Si-Wu-Tang (SWT) is one of the widely applied Traditional Chinese Medicine (TCM) formula [1]. The formula contains a combination of 4 herbs: Radix Paeoniae Alba, Angelica siniensis, Rhizoma Chuanxiong, and Rehmannia glutinosa, and has been considered having the actions of blood-tonifying (buxie) decoction [2]. SWT has been applied for the treatment of women’s diseases such as cutaneous pruritus and chronic inflammation [3]. Aqueous extract of SWT was reported to have antipruritic and anti-inflammatory effects in mice [4]. Additionally, this formula is also used for treating other gynecological diseases, such as relief of menstrual irregularity, dysmenorrhea, uterine bleeding, climacteric syndrome, and other estrogen-related diseases, in China and East Asia [5,6,7,8,9,10]. SWT has also been beneficial to other physiological or pathological conditions. It has been shown to improve the antioxidant level and positively regulate the lipid profile, liver function, and skin integrity and texture in healthy adults [11]. The main function of SWT applied in gynecology is nourishing blood and activating the blood circulation for menoxenia, dysmenorrhea, and amenorrhea.
Indirect evidences have suggested the beneficial effects of SWT on bone health. Pharmacological studies have shown that SWT extract protects against radiation-induced bone marrow damage in an animal model [12,13]. Additionally, since SWT revealed anti-inflammatory and anti-oxidant effects in several different clinical and biological studies [14,15], these results suggest the potential application of this medicine on treating osteoporosis possibly through increasing bone formation and/or suppressing bone resorption. A more recent study provided some direct evidences about SWT effects on bone cells. Wu et al. reported that SWT extract increased alkaline phosphatase (ALP), bone morphogenic protein-2 (BMP-2), and osteopontin (OPN) expression and bone mineralization in the differentiated osteoblast culture16. Phosphatidylinositol 3-kinase (PI3K), Akt, and NF-κB signaling pathways were involved in the SWT-mediated increase in gene expression and bone mineralization [16]. Moreover, oral administration of SWT extract every two days for four weeks prevented bone loss induced by ovariectomy in mice [16]. Those data, provide preliminary evidences that SWT may be used to stimulate bone formation for the treatment of osteoporosis. However, the effects of SWT on cellular and systemic levels in bone systems still remained mostly elusive.
In this study, we investigated the effects of SWT on the in vitro models of bone resorption and bone formation. We employed the -glycerol phosphate induced pre-osteoblast MC3T3-E1 osteogenic differentiation as a cell model of bone formation, while Receptor activator of nuclear factor kappa-B ligand (RANKL)-induced RAW267.4 cell osteoclast differentiation as a cell model of bone resorption. Our results implied that SWT impaired osteoclast differentiation and bone resorption, yet upregulated cell proliferation and osteoblast functions or bone formation.

2. Materials and Methods

2.1. The preparation of SWT extract

The ingredients of SWT included 11.25 g of Rehmannia glutinosa, 11.25 g of Angelica sinensis, 11.25 g of Radix Paeoniae Alba and 11.25 g of Rhizoma Chuanxiong. An extract of SWT was prepared by decocting the dried prescription of herbs with boiling water (1300 ml) for 50 minutes. The obtained suspension was separated by filtration and condensed to the concentration of 360 ml (1 g/ ml) solution and then stored at 4C before use.

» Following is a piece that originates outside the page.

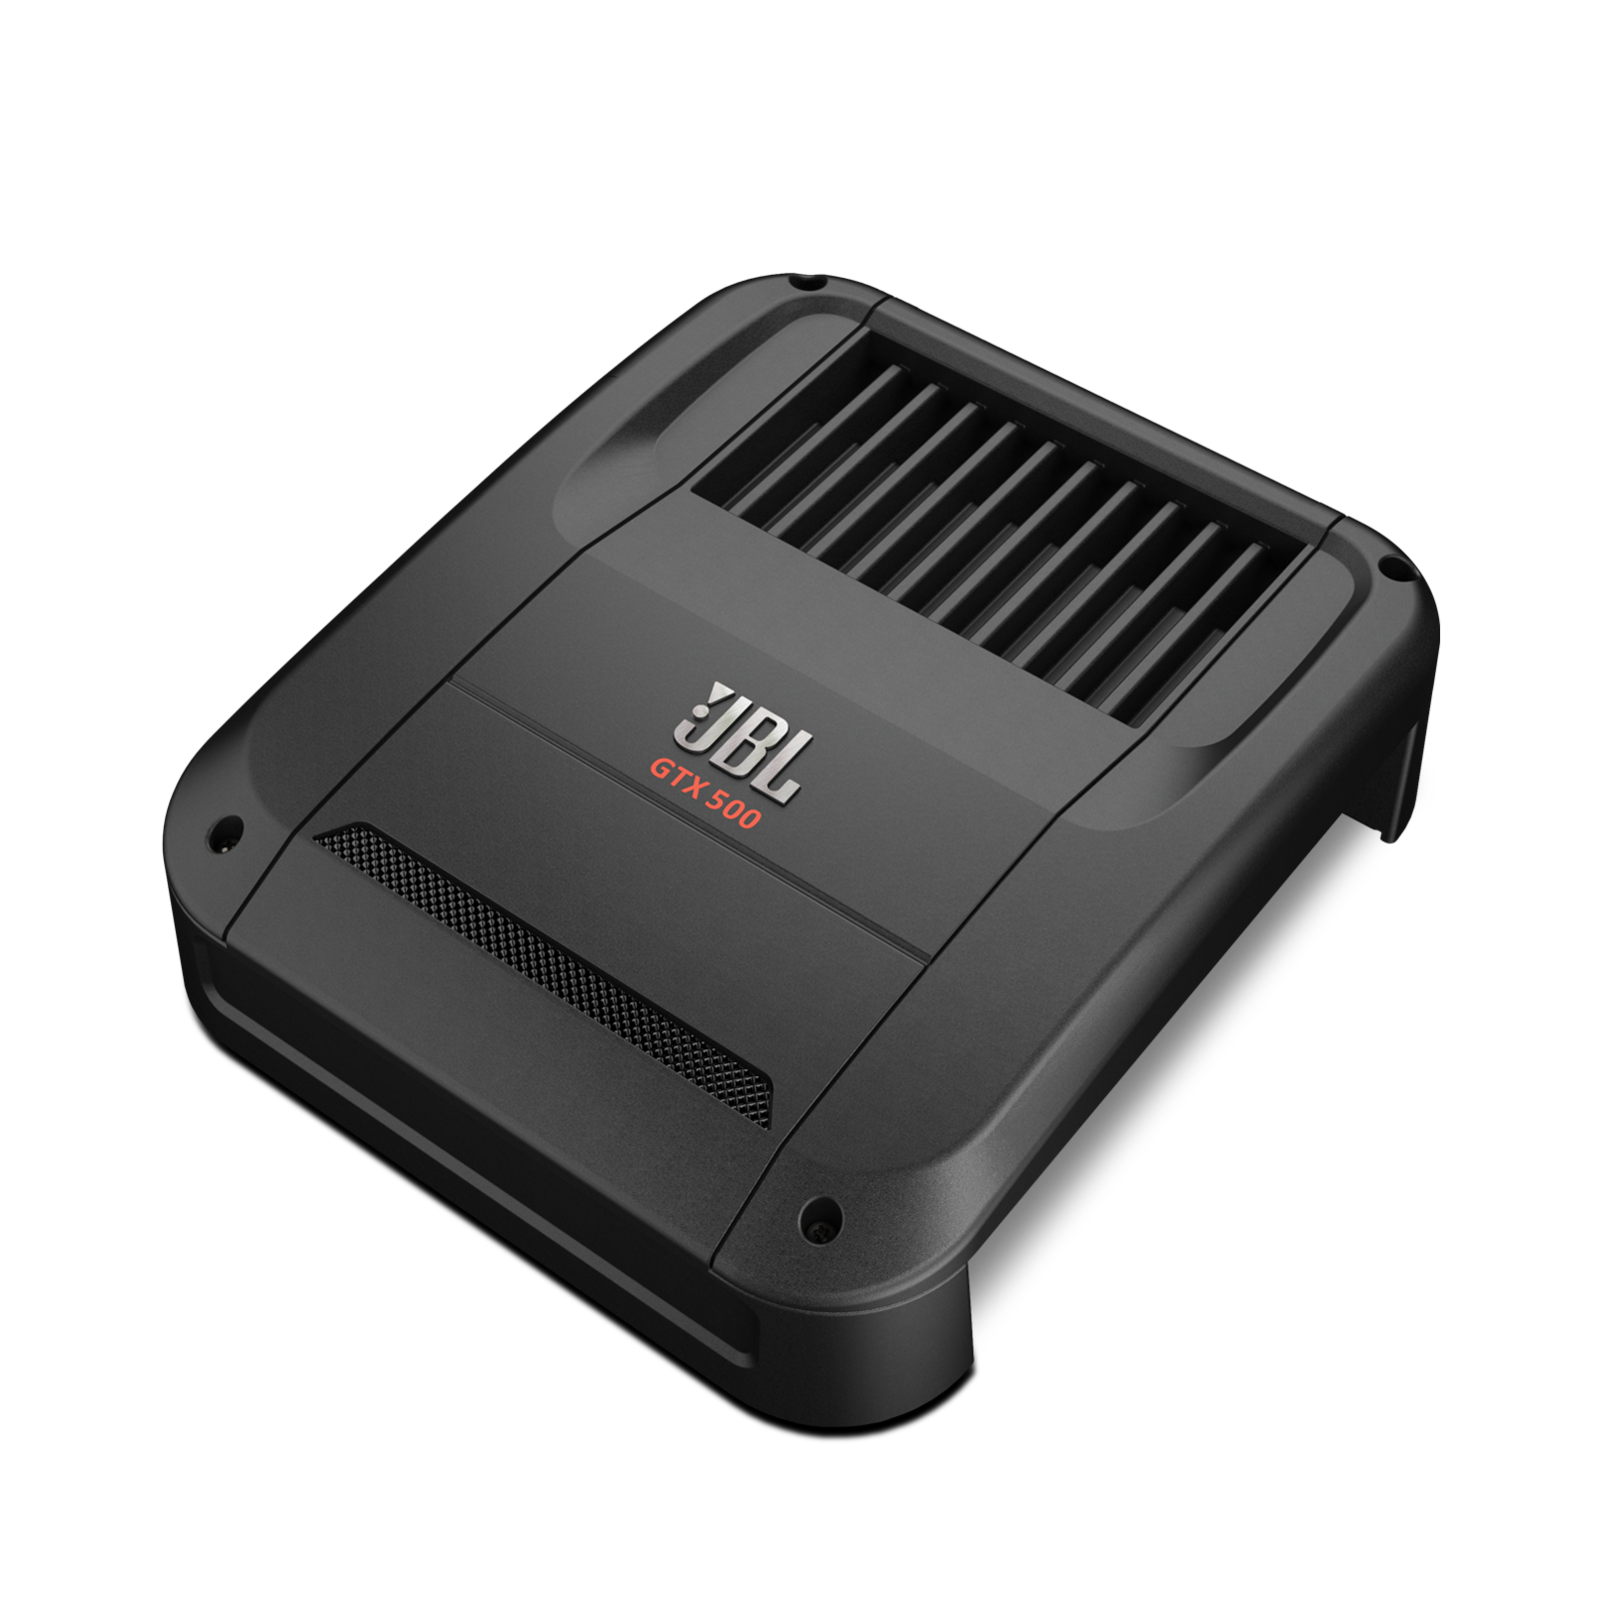 JBL GTX 500 (Recertified) 750 Watt Compact Car Subwoofer Amplifier $90 + Free Shipping!

2.2. Cell culture and treatment

The murine preosteoblastic calvarial cell line MC3T3-E1 subclone 4 was obtained from ATCC (ATCC®, USA, CRL-2593™). Cells were cultured in α-Minimum Essential Medium (α-MEM) (10490-01, Gibco, Thermo Fisher Scientific, Inc.) supplemented with 10% (v/v) fetal bovine serum (FBS) (10437-028, Gibco) and 1% (v/v) penicillin-streptomycin (P/S) (15140-122, Gibco) at 37°C in a humidified atmosphere containing 5% CO2. To obtain osteoblasts, MC3T3-E1 cells were grown for 7 days in α-MEM containing 1% FBS, 1% P/S, 10 mM β-glycerol phosphate (G9422, Sigma Aldrich, USA), and 50 μg/ml L-ascorbic acid (A5960, Sigma Aldrich) [17] (differentiated medium).
The murine macrophage cell line RAW264.7 subclone 2 was obtained from ATCC (ATCC® TIB-71™). Cells were grown in DMEM (Gibco, Thermo Fisher Scientific Inc.) supplemented with 10% FBS and 1% P/S, and incubated at 37ºC in 5% CO2 humidified air. The medium was changed every 3 days. To obtain osteoclasts, RAW264.7 cells were grown for 6 days in DMEM containing 10% FBS, 1% P/S, and 50 ng/ml mRANKL (PeproTech, Rocky Hill, NJ, USA) [18].

2.3. Cell viability MTT assay

MC3T3-E1 and RAW264.7 were plated into 96-well plates and grown in differentiation medium for the indicated days. Cells were treated with different concentrations of SWT for 24 or 48 h according to the experimental design. Subsequently, the medium was removed, and cells were cultured in 100 μL fresh medium containing 10% 3-(4,5-dimethylthiazol-2-yl)-2,5-diphenyltetrazolium bromide (MTT) for 4 h at 37°C. The supernatant was removed, and the formazan crystals were dissolved in 100 μL of dimethyl sulfoxide (DMSO). Absorbance was recorded at 595 nm using a microplate reader.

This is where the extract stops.